Sube por las escaleras para no molestar a los vecinos. Y por otra razón. Introduce sigilosamente la llave en la cerradura. Ojalá se haya terminado ya la pantomima de la cena. Ojalá se encuentre con el silencio de una casa dormida. Bien. Ni siquiera enciende el recibidor. Camina despacio. Cruza aliviada el espacioso salón… ¿¡Papá!? Qué susto me has dado… Entonces sí que se enciende una luz. Pero de fondo y velada por una pantalla de diseño. Sentado en su butaca de piel. Te estaba esperando. La insultante autoridad de siempre. ¿Dónde te crees que vas con esos andrajos? ¿No te doy suficiente dinero para ropa? Sí papá. Ignoro con qué clase de gentuza sales por la noche, pero esto se ha terminado, ¿me has entendido? Sí papá. Antes de subir a tu cuarto, me vas a decir de una vez qué piensas hacer con tu vida. No lo sé, papá. Se le acelera la esperanza… En realidad, me han admitido a una prueba de tres meses este verano en una casa de acogida de toxicómanos en el suburbio norte de Liverpool, una casa de las Misioneras de la Caridad… ¿Las misioneras de qué? Las hermanas de Madre Teresa de Calcuta. Ellas… entregan su vida a las causas más desesperadas. Recogen los desperdicios de la sociedad: personas leprosas, con sida, madres solteras en la miseria, y les dan un hogar, las cuidan y las aman, es maravilloso, papá…

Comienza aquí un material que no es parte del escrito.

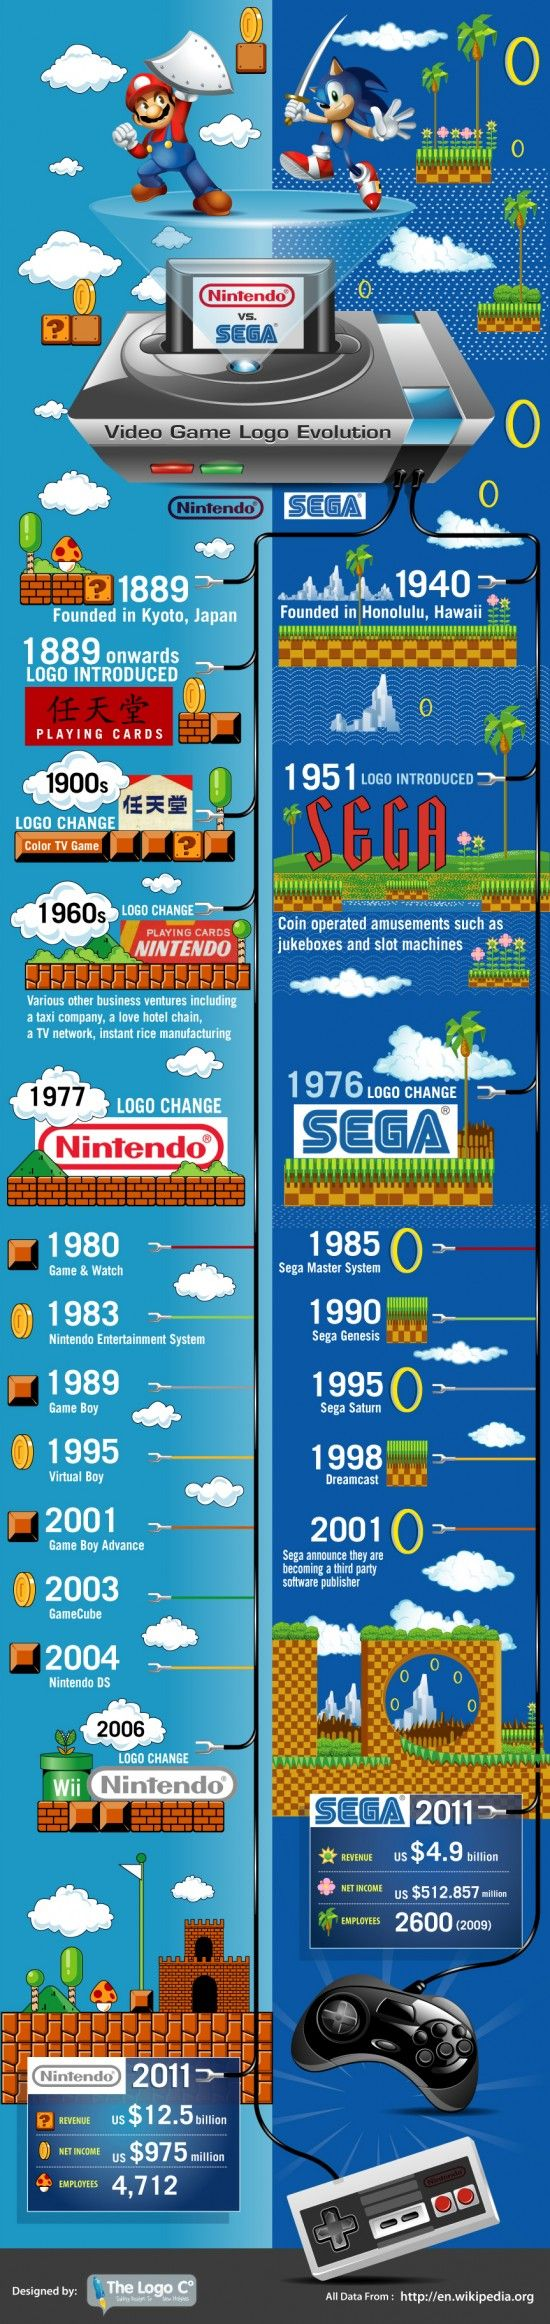 Sega vs Nintendo Logo Evolution Infographic {H}
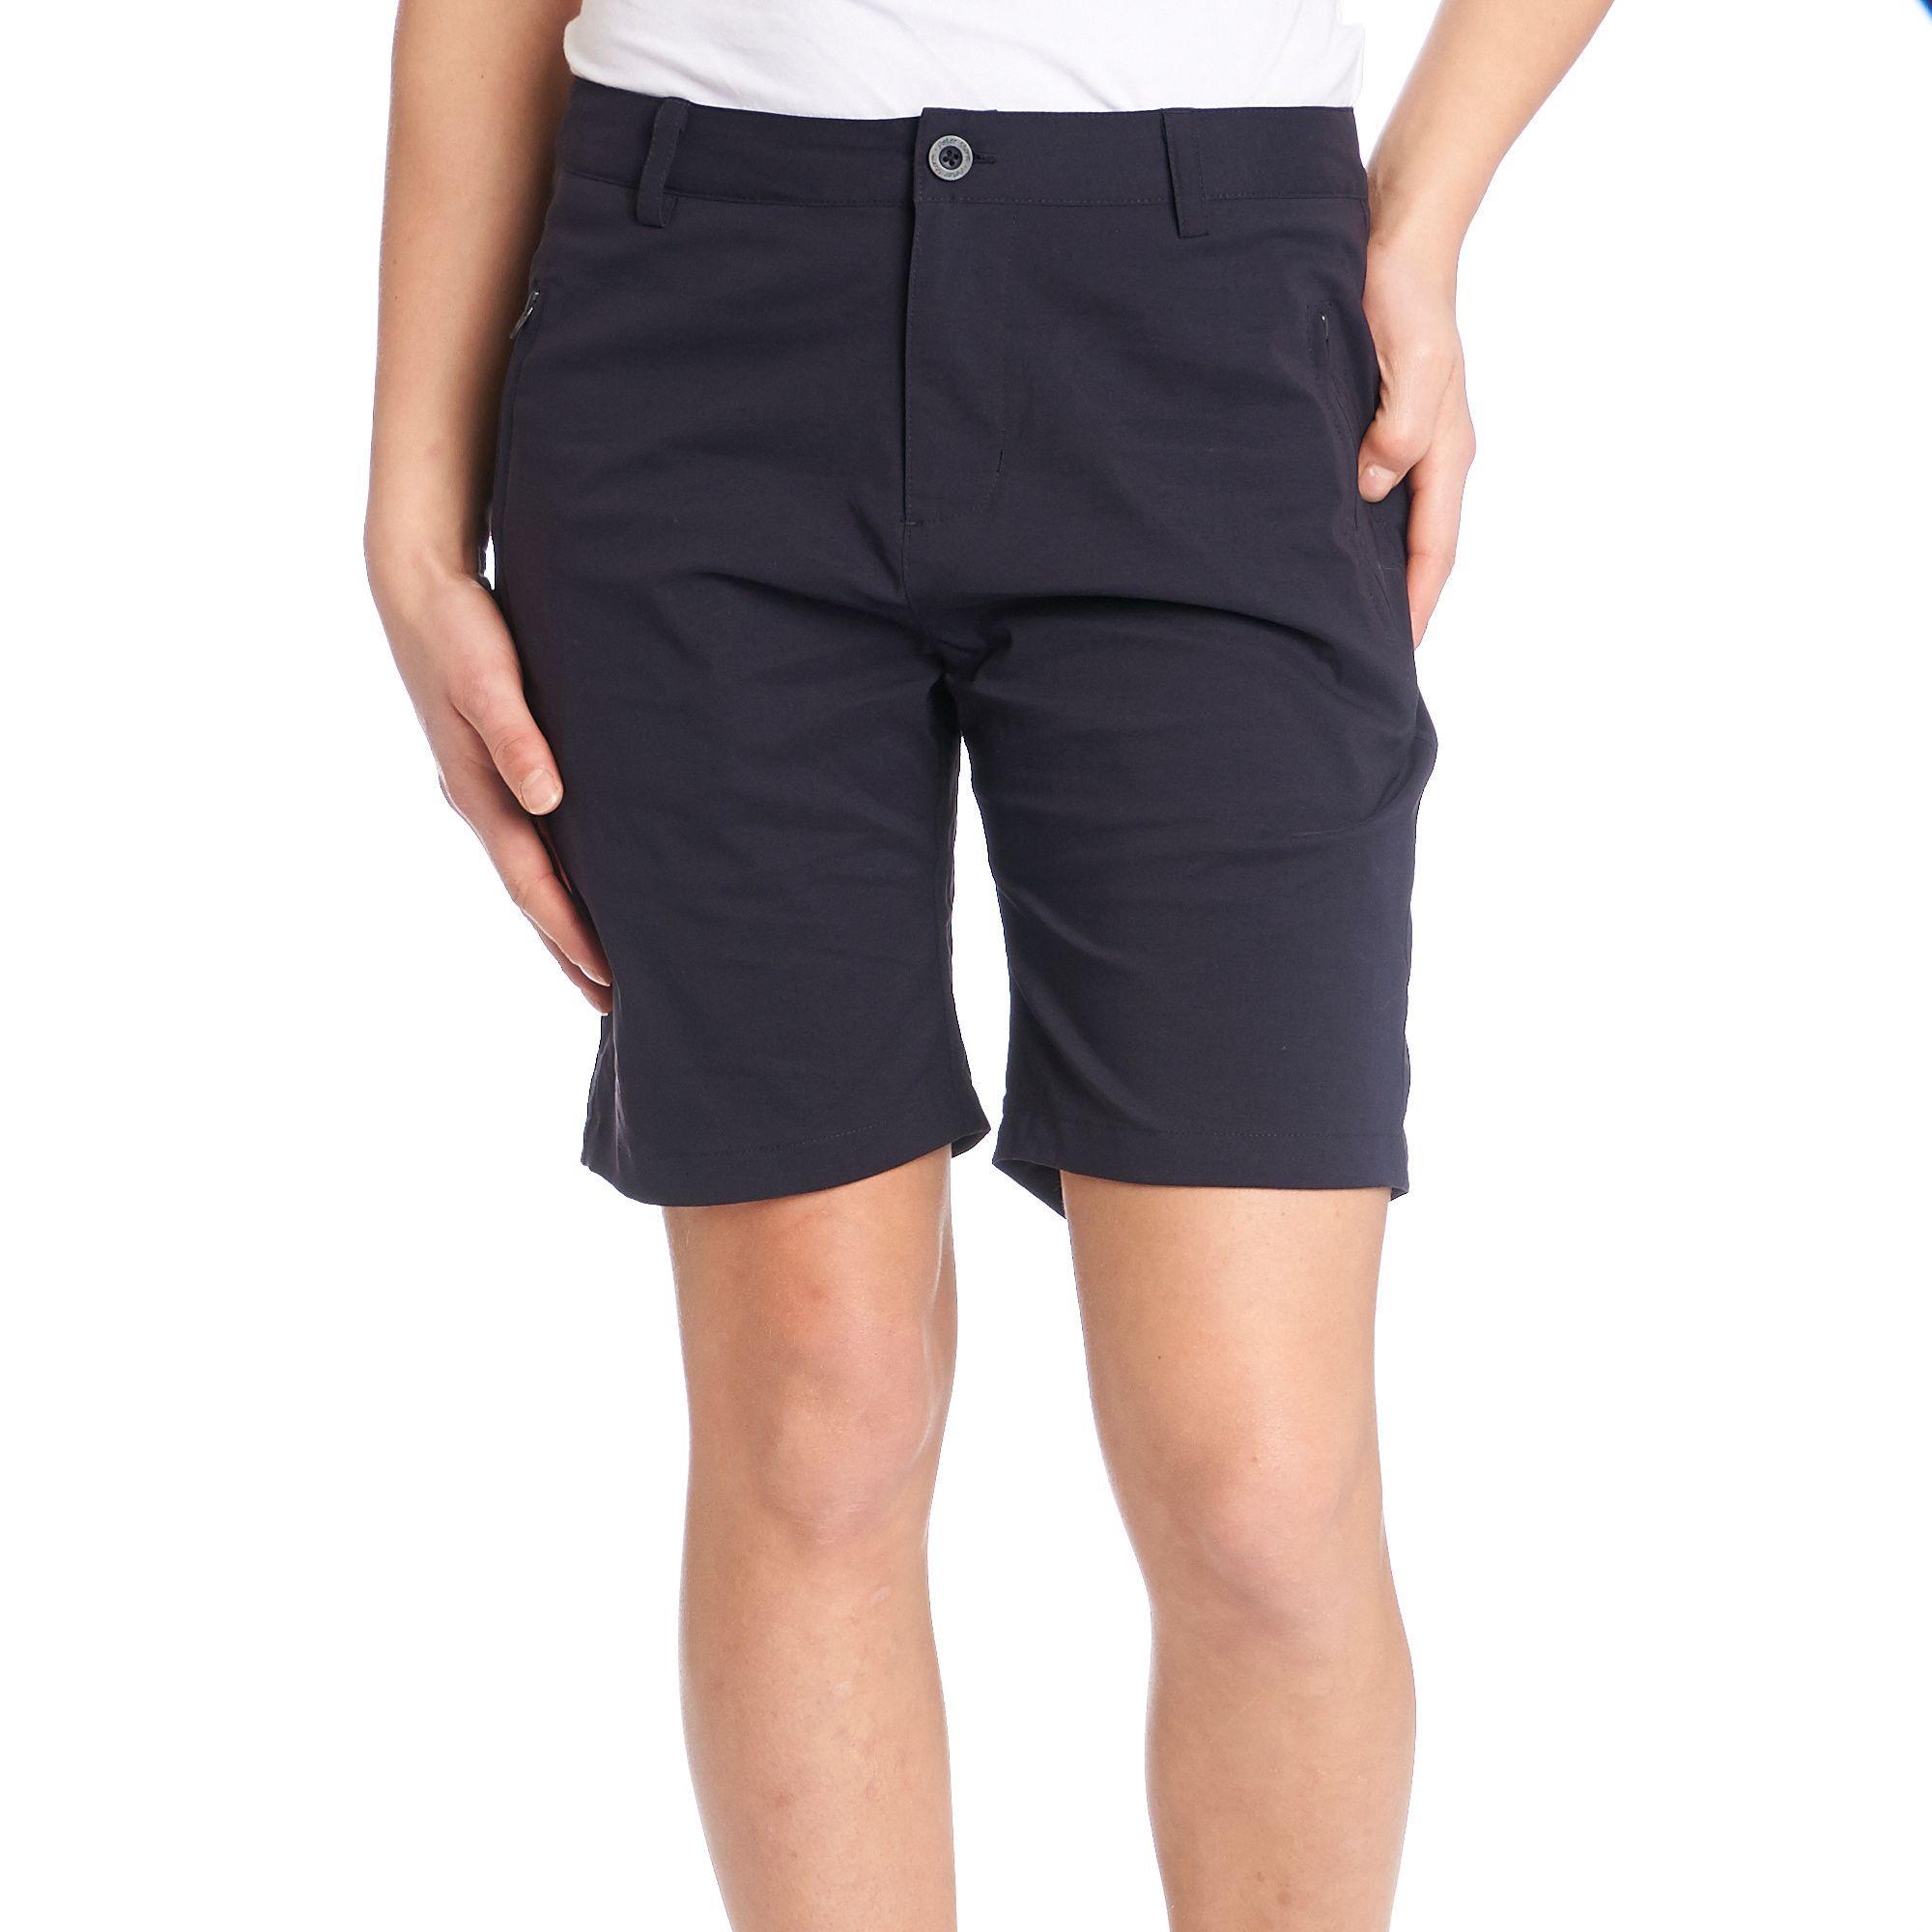 PETER STORM Women's Stretch Shorts

-No volverás a reunirte nunca jamás con esa gentuza. No puedo soportar que seas tan ingenua. Pareces tonta. Esos indeseables de los que me hablas tienen lo que se merecen. Que se busquen la vida. Se acabaron para siempre tus aventuras, tus ilusiones, tus sueños… A ver si maduras, Violeta. Ya sabes que puedo ser implacable cuando me llevas la contraria. Es mi última palabra. Mañana me acompañarás al Club de Polo. Falta completar la lista de invitados para tu puesta de largo. El lunes iremos a Esade. He solicitado tu admisión para el curso que viene. No tendrás problema: el director me debe muchos favores. Y este verano organizaremos juntos una estancia lingüística en Estados Unidos. Luis Alberto me ha hablado de una selecta universidad de la Costa Este, a las afueras de Boston: se llama Wellesley College. Lamento decir que tu madre se sentiría profundamente decepcionada si pudiese comprobar con sus propios ojos la gitana irresponsable en que se ha convertido su hija.

Es muy doloroso sentirse tan humillada. Llorar aniquilada bajo la ducha.